Catriona Chaplin, a British expat turned Gothenburger, only began to see the similarities and know of the nickname after relocating to the region for work. Growing up in Leicestershire, central England, she’d never heard of London’s Swedish sibling city.

“We came to Gothenburg 17 years ago. We’d never heard about [the nickname] until we moved here, but there is a bar on Avenyn called Lilla London, so that’s when we started to know about it,” she says.

Today, as the membership secretary of the British Club of Gothenburg, she brings a taste of the British Isles to life in Gothenburg.

The Club, which organises social events like concerts, quiz nights, and theatre performances, has a membership base of nearly 200 families. And although less than 0.5 percent of Gothenburg’s population today was born in the UK, the club welcomes members from a range of nationalities.

In fact, the only membership requirement is having some kind of interest in the UK, be it from a cultural standpoint, a past tourist experience, or a love of the language. 

“People come to the British Club just to socialise in their native language. It’s also about the culture, like the banter, the jokes and playing on words,” she says. 

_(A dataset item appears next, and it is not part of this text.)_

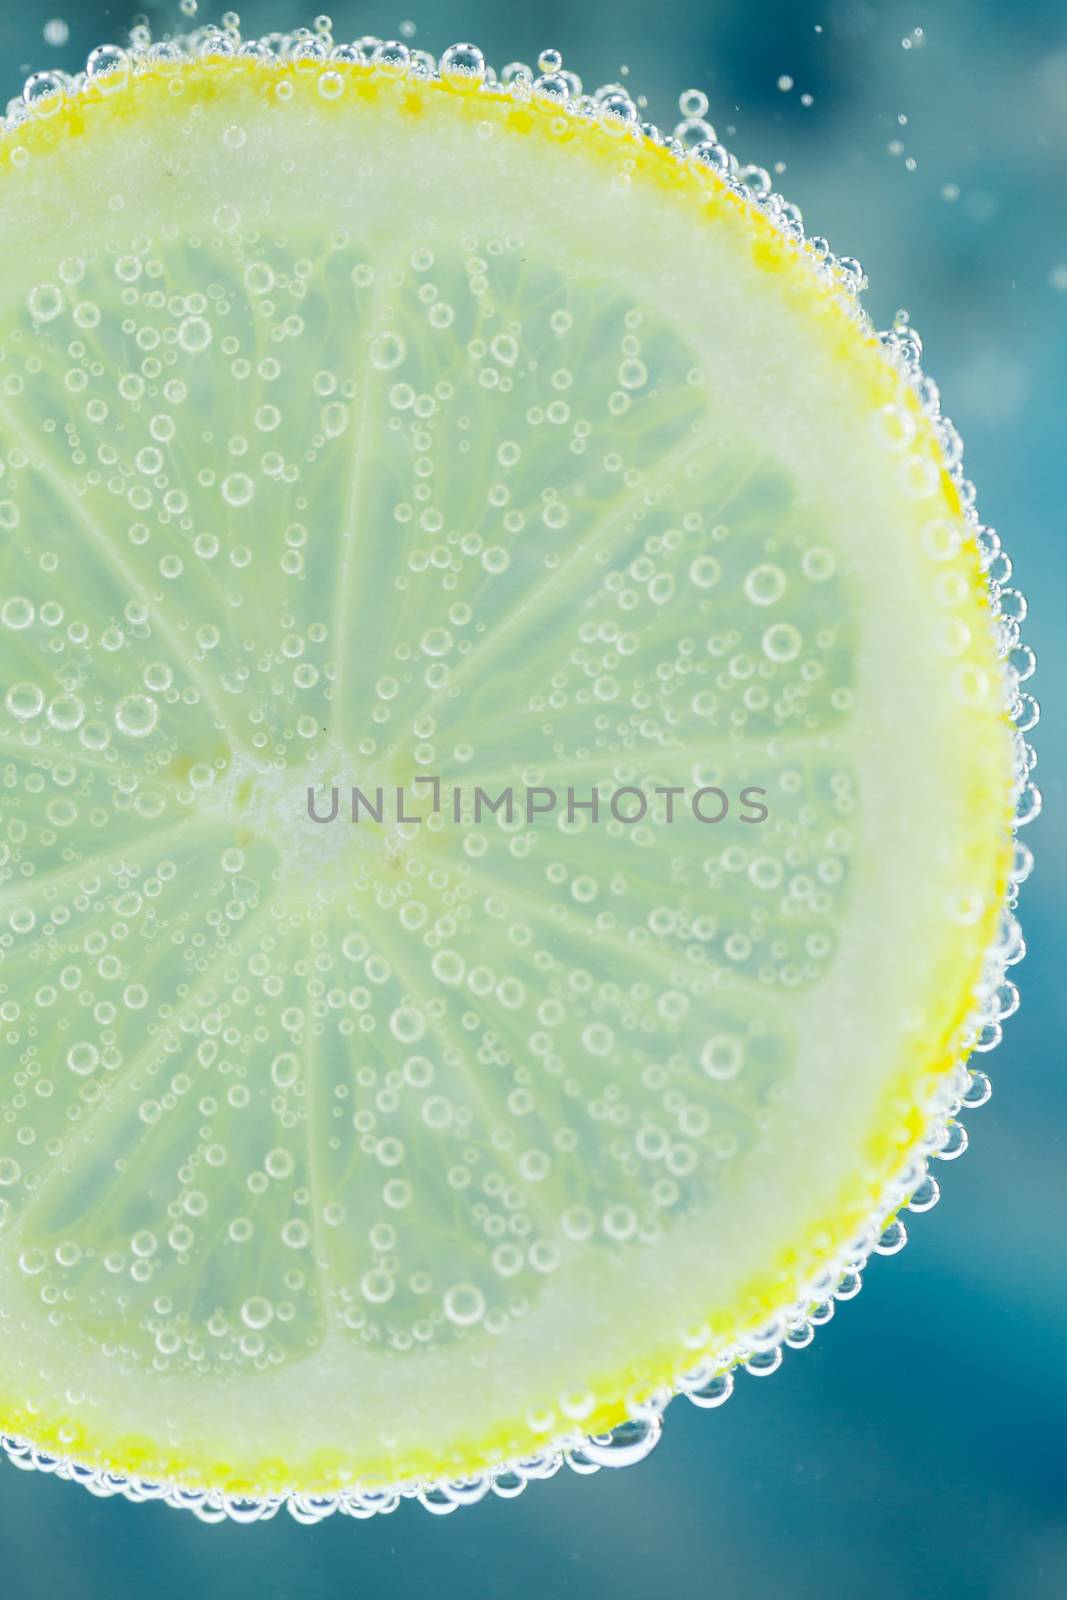 Lemon in carbonated water by juniart

Although the city’s British roots run deep, questions remain about modern-day Gothenburg’s status as “Little London”.

To some, the west-coast maritime hub’s industrial legacy, strong working-class culture, and amiable nature are reminiscent of a different English city. “They ought to call it ‘Little Liverpool’!” says Chaplin, with a smile. 

Lasting Landmarks

Evidence of Gothenburg’s British connections can be found in many of its landmarks, shops, and of course, pubs. Some of the historical hotspots still apparent today include:

Haga – The British ‘hood 

The area of Haga, just outside the old city, was once considered a slum, but changed character thanks to British philanthropist Robert Dickson (1782-1858), who built public baths, a library, and other landmarks with the typical red bricks found in Britain at the time.

St Andrew’s Church 

A key part of the British community is the Anglican church of Saint Andrew’s, also in Haga. Dedicated to the patron saint of Scotland, it was built and to date funded by ‘The British Factory’, a British society founded in the 1700s to help expats in Gothenburg that remains active even today.

The Victorian gothic style of the church is in line with the architectural trend in Britain at the time. 

John Scott – a legend among Gothenburgers

One of Gothenburg’s most well-loved establishments is John Scott’s, a local pub chain named after Pastor John Henry Scott, an Englishman and prominent landowner in 18th century Gothenburg. 

The “English quarter”

The square of buildings delineated by Teatergatan, Storgatan, Kungsportsavenyn and Vasagatan was once known as the city’s English Quarter. The buildings in this neighbourhood are influenced by British design, and the original landowners were in fact English pastor John Henry Scott and his wife, Jacobina.